If you’ve lost a friend or loved one to cancer, you know it’s not pretty. It’s often harder on family and friends than it is to the victim. Modern drugs limit the pain. But it’s hard to watch a loved one succumb.

“I’ve never seen people suffer,” McCray said. “Your hear about it, but to finally see it, you don’t want that for your loved ones.

“She’s in a much better place. She’s not in any pain.”

She prefers to remember the good times with her Mom, who was a chef, and someone who gave her life to her church and family.

Nikki McCray with athletic director Wood Selig. 

"Around the holidays, people would ask, 'What's Sally going to make?' She made fried corn, pound cakes, spaghetti, dressing, potato salad. She made everything," McCray said.

"She was such a hard worker. She was my hero. I got so much of my strength from her. She was a wonderful, wonderful human being.

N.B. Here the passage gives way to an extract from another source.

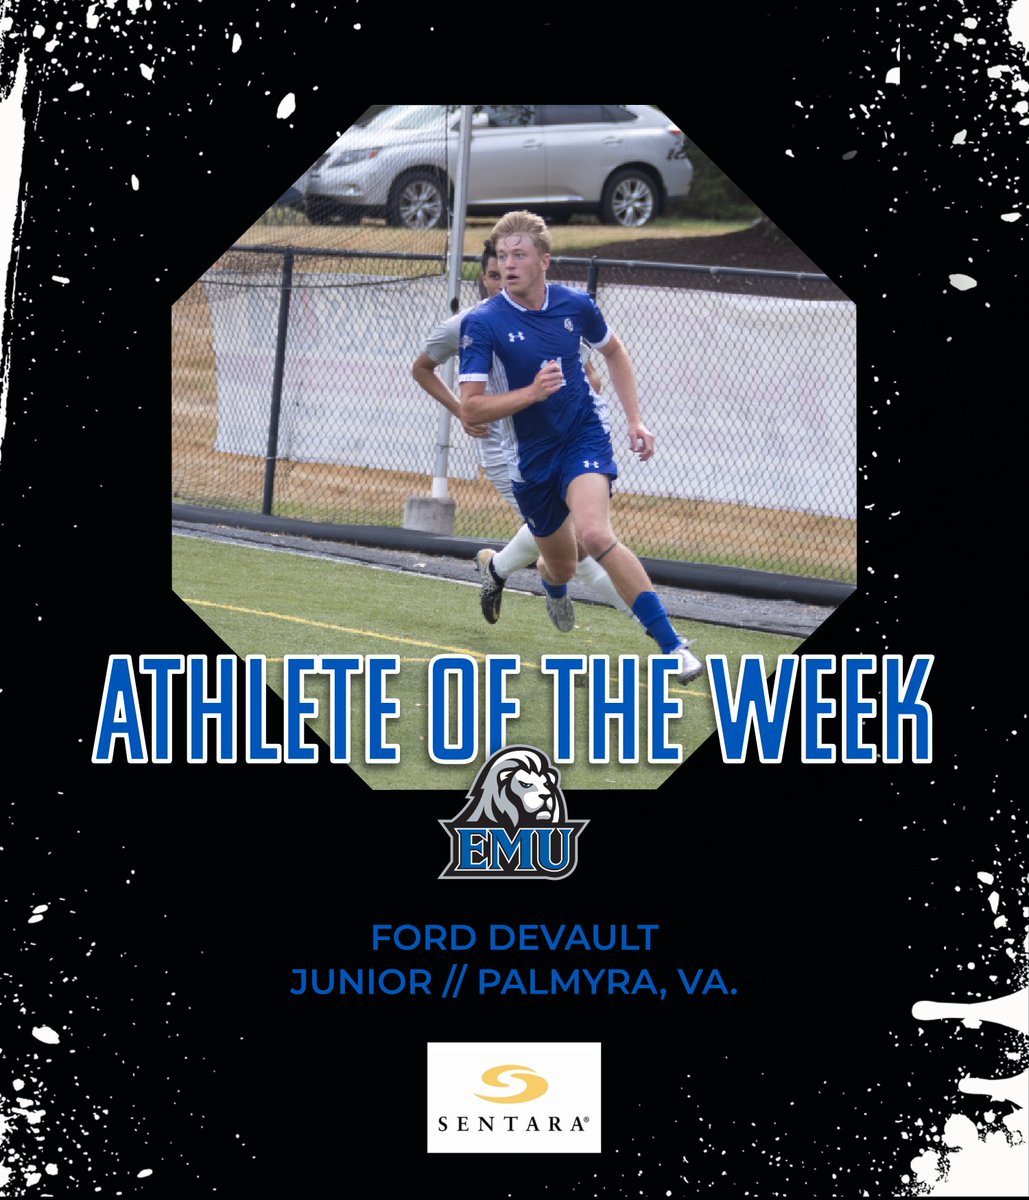 It's an all-Fluvanna County edition of 𝙍𝙤𝙮𝙖𝙡𝙨 𝘼𝙩𝙝𝙡𝙚𝙩𝙚 𝙤𝙛 𝙩𝙝𝙚 𝙒𝙚𝙚𝙠! Congratulations to Ford DeVault of @EmuMensSoccer and Sophia Denby of @emu_wvb! 👏👍

#RoyalPride | #CompeteTogether

"At her funeral, church members talked about her spirit, when they were around her how good she made them feel. If my mom was mad, you never knew it."

It's been a particularly difficult couple of years for McCray. Her father died two years ago and her grandfather died in October.

McCray and her team have attended a number of cancer survivor events, and raised thousands of dollars for cancer research.

"It reminds me that I'm not alone," McCray said. "I met a woman who said after 20 years, her cancer came back. But she was lucky. They caught it early.

"Everything is not all sad at those events. It's a way to honor the survivors and everyone who has been affected by cancer."

McCray has betrayed little emotion this season, but that wasn’t the case during ODU’s annual Hoops for the Cure game, in which there was a cancer walk that featured breast cancer survivors.

ODU won the game, and players gathered with McCray at center court afterwards to sing the ODU alma mater. Afterwards, she broke down in tears and her players surrounded her with a group hug.

McCray lives each day knowing that cancer could return or start growing again. Every doctor’s appointment is stressful. If you’ve had cancer, you get it. You cherish every day.

“As a survivor, you can’t think about that because if you do, it consumes you,” McCray said. “So I just try to put my energy into my family and my team.

“You spend as much time as you can telling people that you love them because you never know."

Jones, thankfully, hasn’t lost his mother. Cancer treatment took her hair but not her life. She’s been declared cancer free.

Jones will live with cancer the rest of his life. But it’s not a curse, he says.

“You’re never going to hear Danielle or me say, ‘oh, woe is us,’ “ he said. “I’m truly very lucky. I’ve got the test done years ago. Who knows where I would be if I hadn’t been tested? I’m lucky enough to be able to financially pay for the best care possible.

“I’m lucky to be coaching a great bunch of kids at a university that I love very much.

“And I’m lucky enough to have a wife like Danee. I’m truly very blessed.”

As is everyone who’s had the pleasure to watch Jones and McCray field outstanding teams under extraordinary circumstances.